Pirkei DeRabbi Eliezer explains. The stoning was because Achan's family knew about his transgression and failed to report it. The burning was because Achan's actions led to the death of thirty-six righteous men at Ai per Joshua 7:5. The structural answer addressed both the family's silence and the wider deaths. The text addresses the apparent contradiction with Deuteronomy 24:16 about fathers not being put to death for children. The structural answer is that the family was complicit, aware of Achan's sin and choosing to remain silent. The communal weight of silence shared in the structural punishment.

How Abraham's atoning blood and Achan's family responsibility share one principle

The two passages converge on the same kind of structural communal weight. Specific structural acts produce ongoing cosmic consequences across the community. Abraham's circumcision blood continues to produce annual atonement for Israel. Achan's family's silence produced their collective punishment. Both situations show that the cosmic system tracks individual acts as having community-wide structural weight.

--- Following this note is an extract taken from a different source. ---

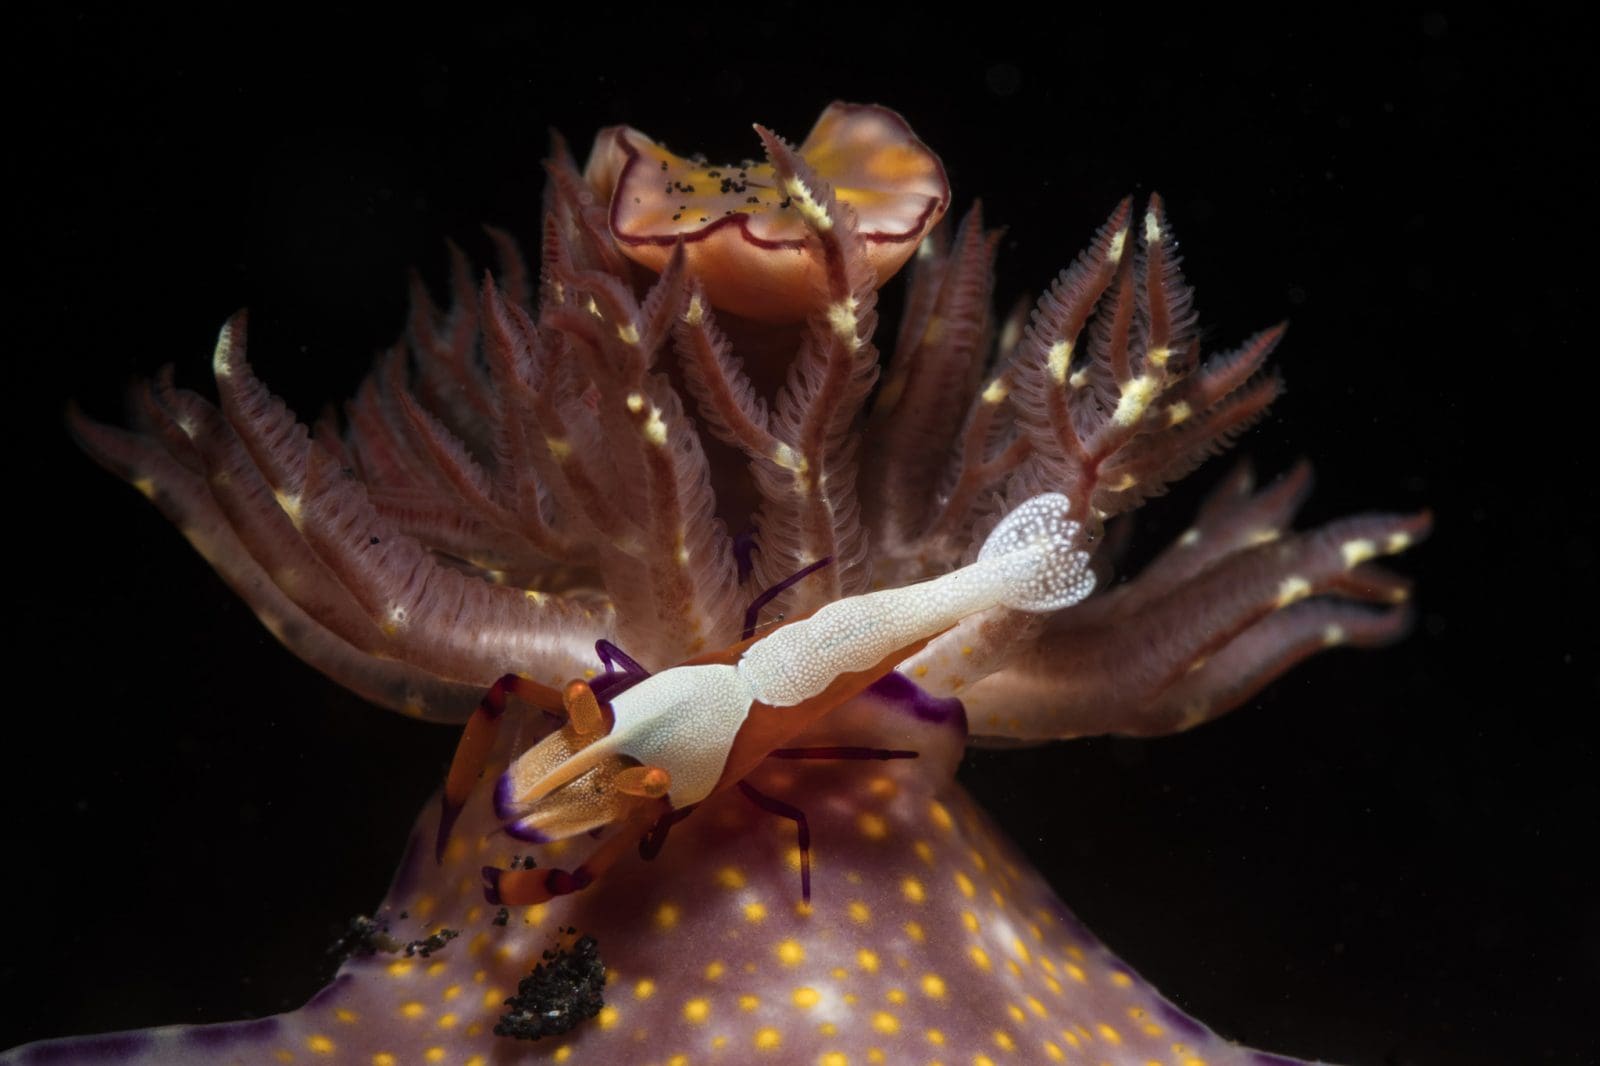 Emperor shrimp on ceratosoma trilobatum nudibranch

The Pirkei DeRabbi Eliezer tradition teaches the reader that they bear similar collective weight in their own communities. The two passages close with a composite image. An Abraham circumcised on Yom Kippur in the noon sun, his blood at the site of the future altar continuing to atone each year. An Achan whose silver, mantle, and golden tongue from Jericho became the trigger for his family's complicit silence and the structural punishment in the valley of Achor. A reader, situated within their own communal weight, recognizing that the cosmic system tracks both atoning acts and complicit silences with the structural seriousness the midrash documents.